Supplied records START

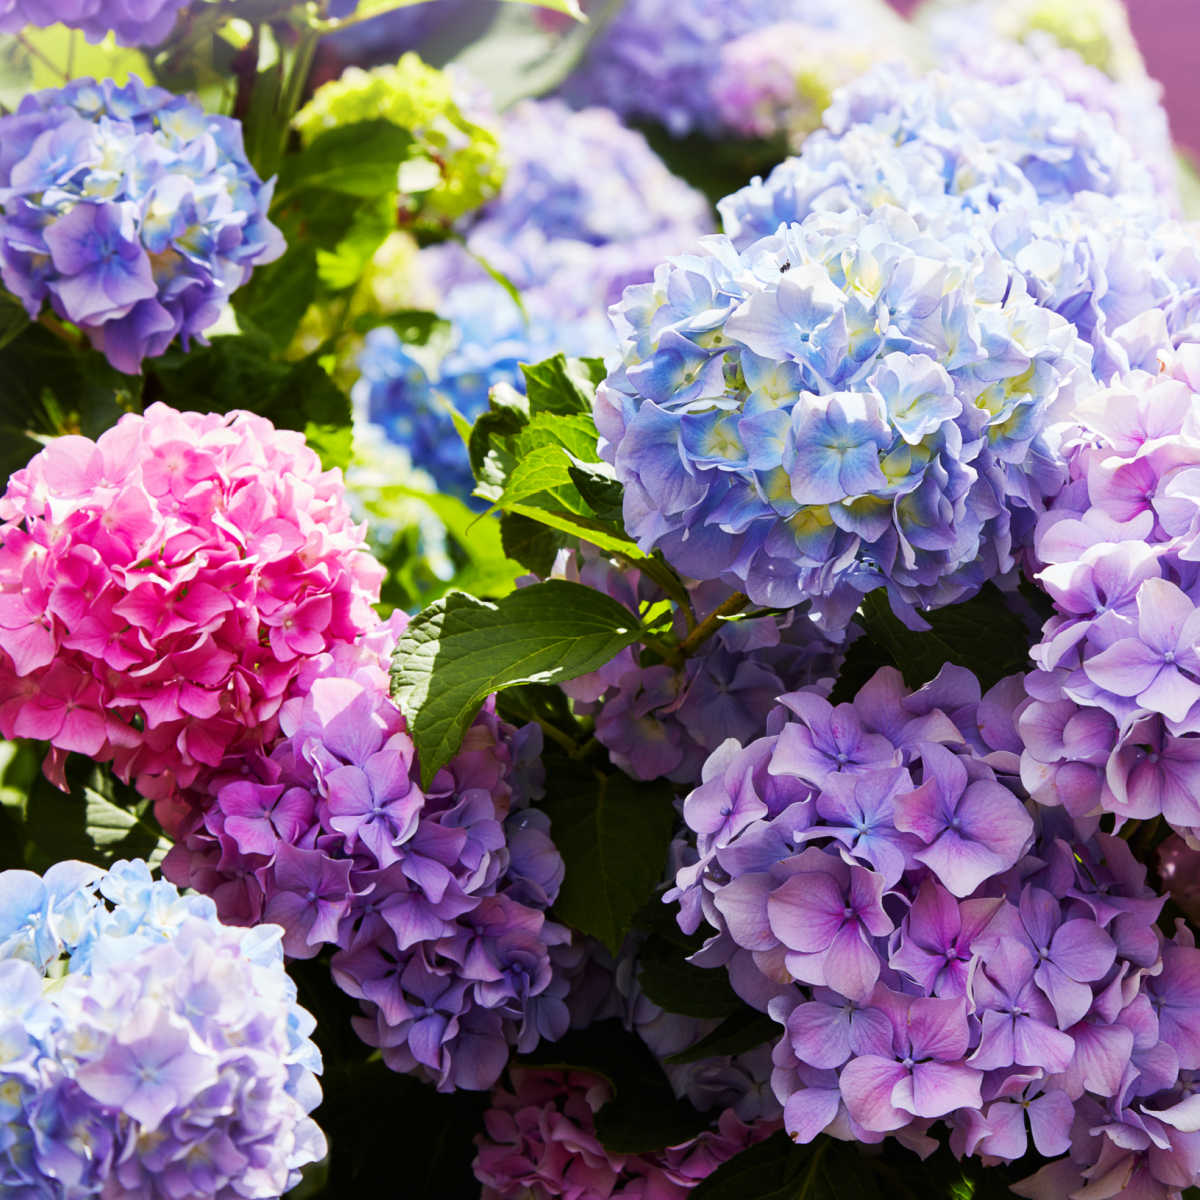 Blue, pink and purple hydrangea flowers.
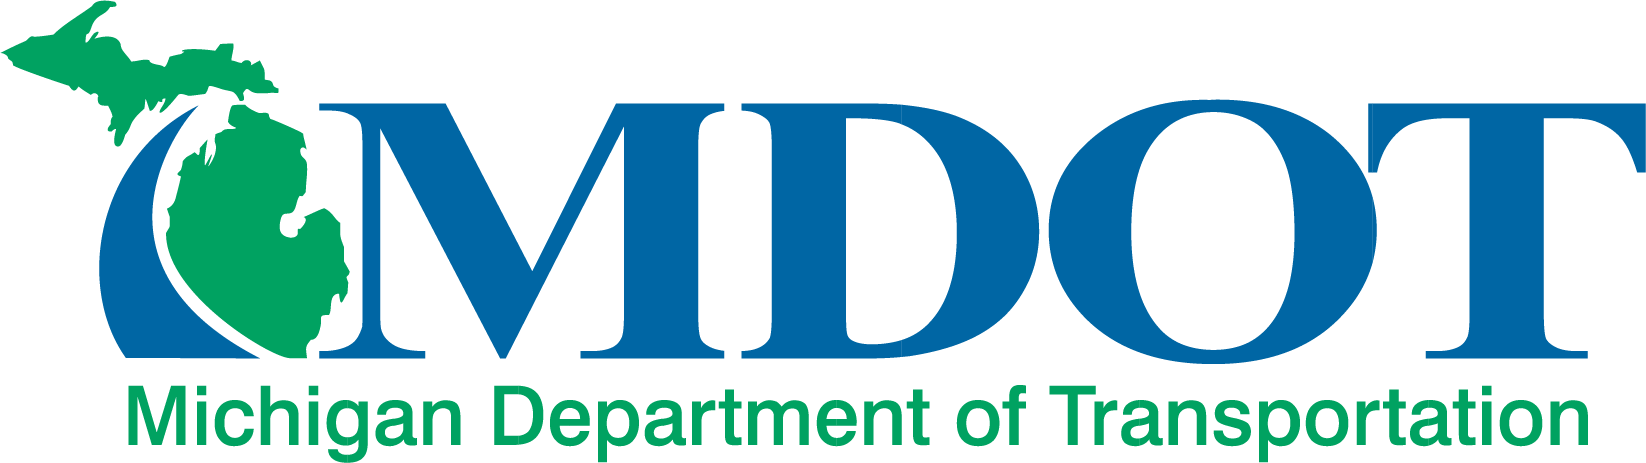 Michigan Department of Transportation Logo
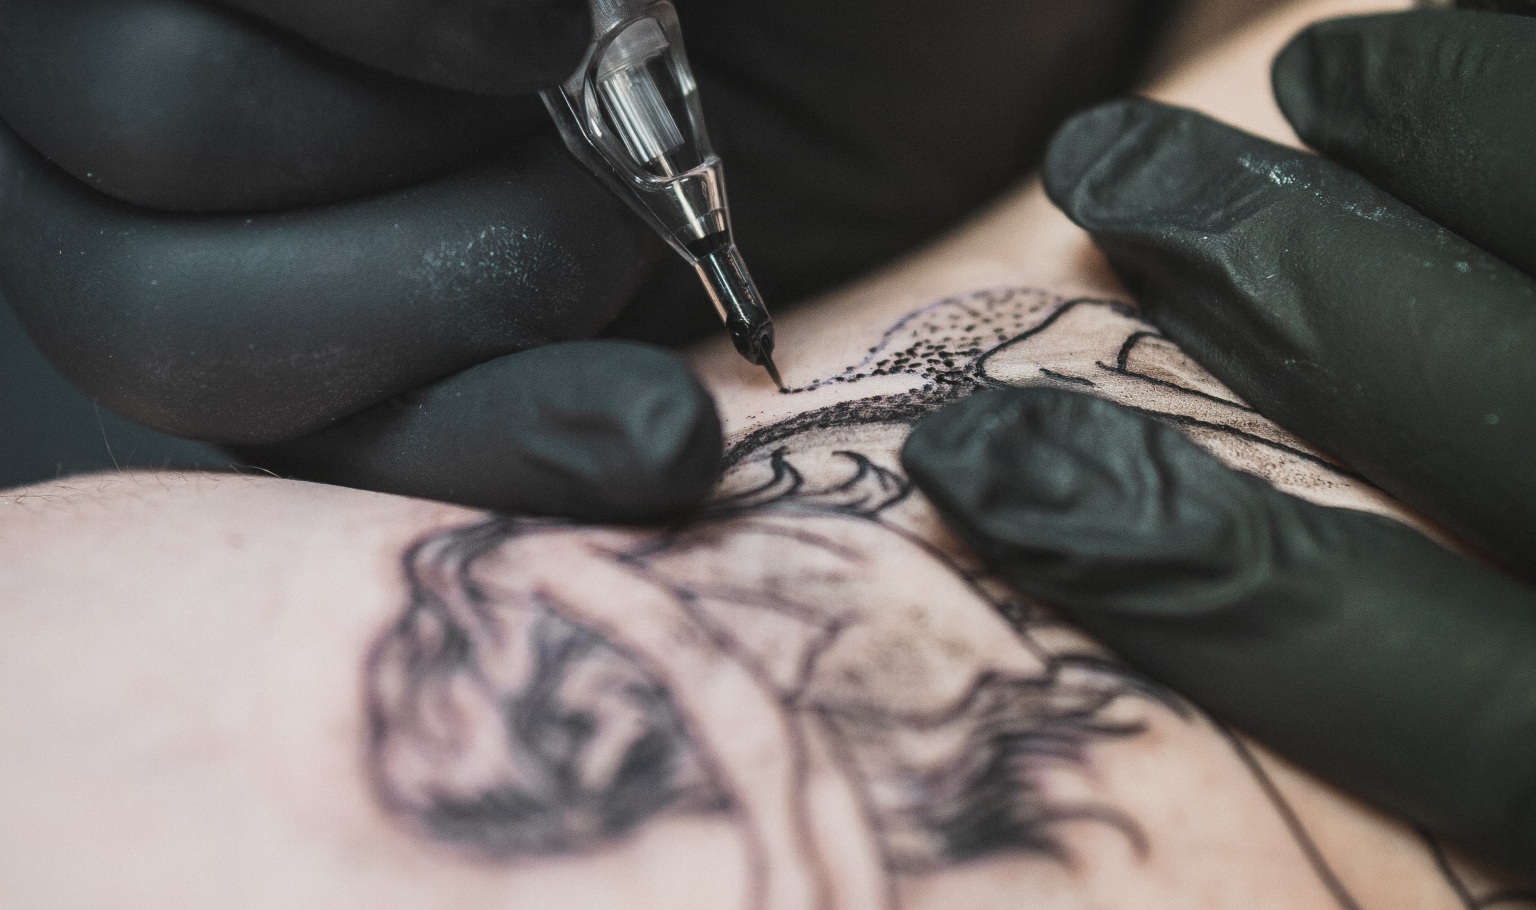 A closeup of an arm getting a tattoo.
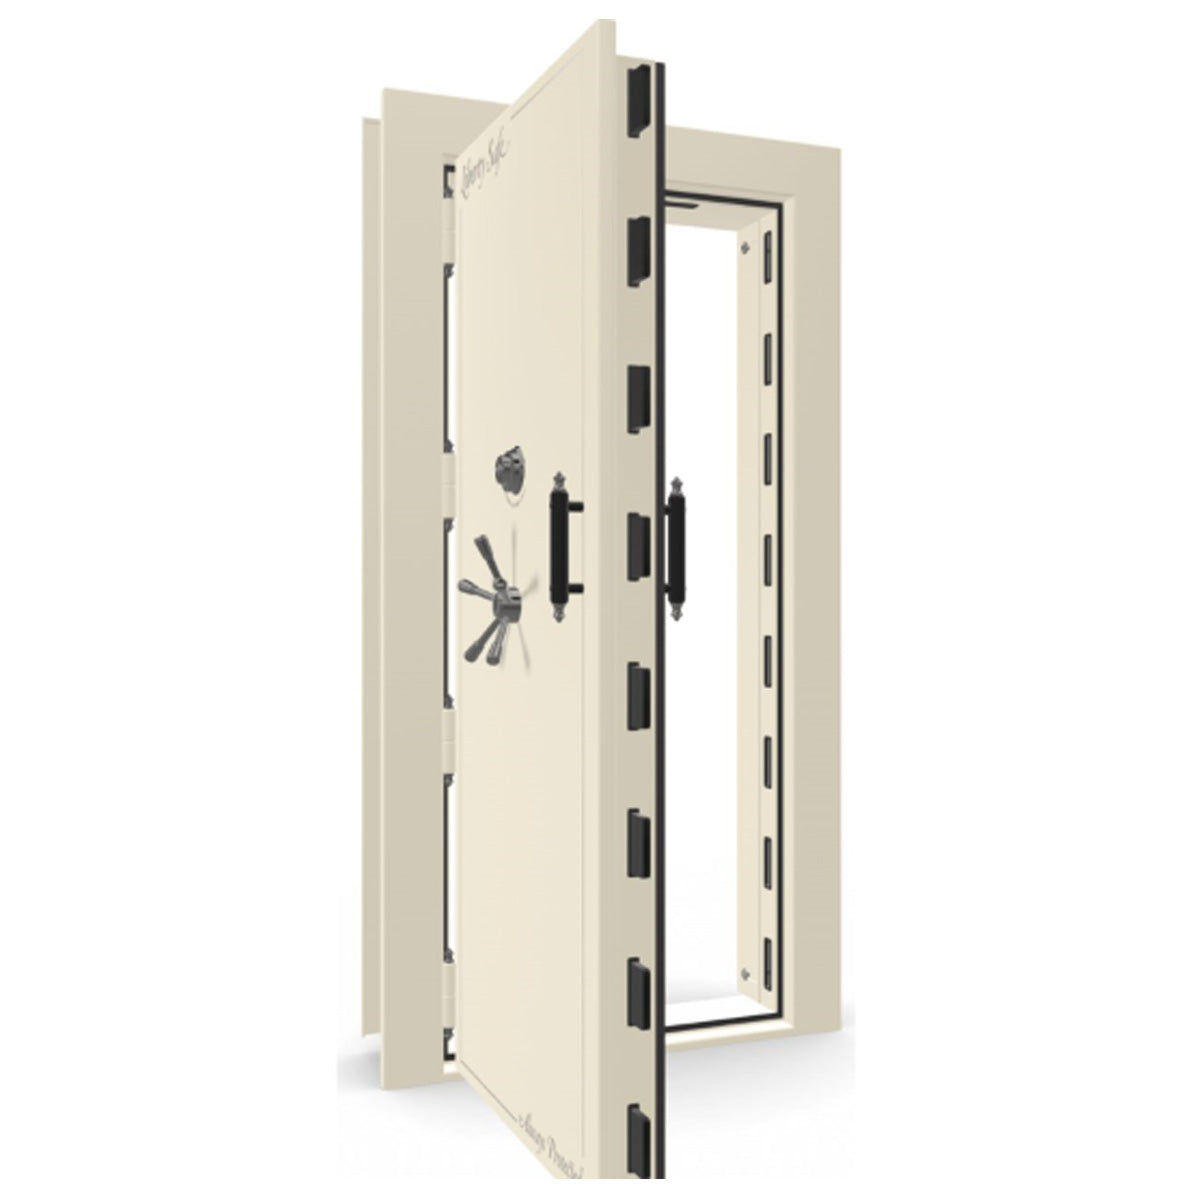 The Beast Vault Door in White Gloss with Black Chrome Electronic Lock, Left Outswing, door open.
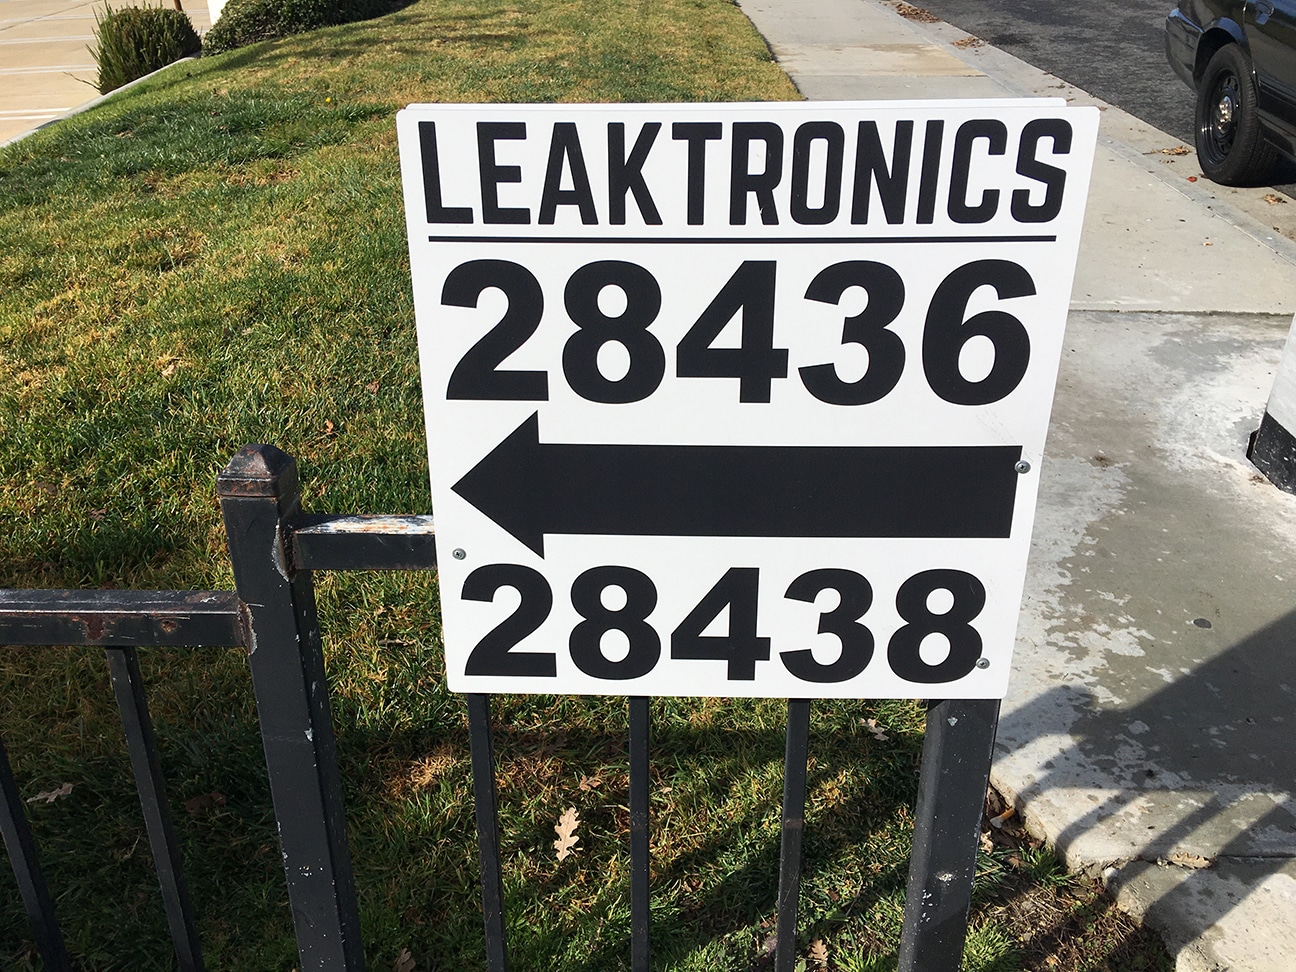 LeakTronics
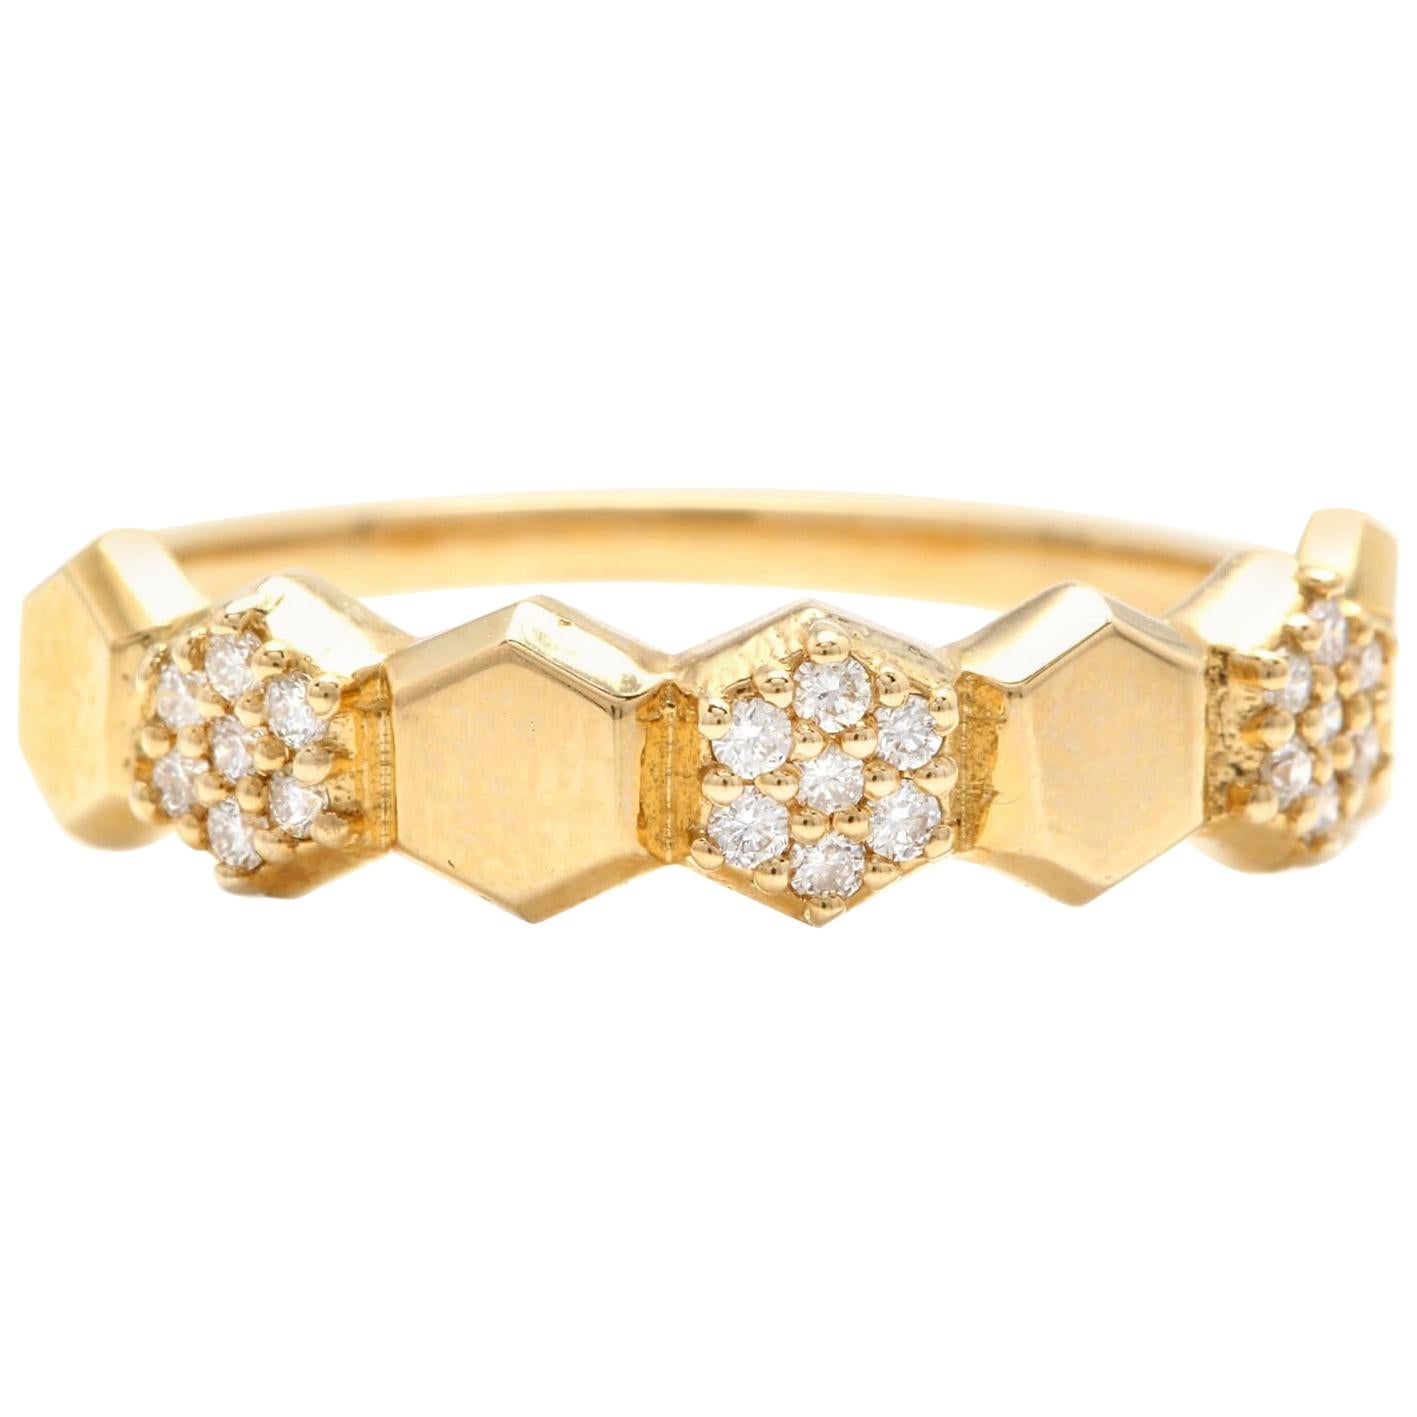 0.20 Carat Natural Diamond 14 Karat Solid Yellow Gold Band Ring

Supplied records END

- _Required work_:
Could you reproduce exactly, and only, the lines from the one containing "Michigan Department of Transportation Logo" through the end of the records above, both included, while leaving out the pictures?

- _Expected answer_:
 Michigan Department of Transportation Logo
 A closeup of an arm getting a tattoo.
 The Beast Vault Door in White Gloss with Black Chrome Electronic Lock, Left Outswing, door open.
 LeakTronics
 0.20 Carat Natural Diamond 14 Karat Solid Yellow Gold Band Ring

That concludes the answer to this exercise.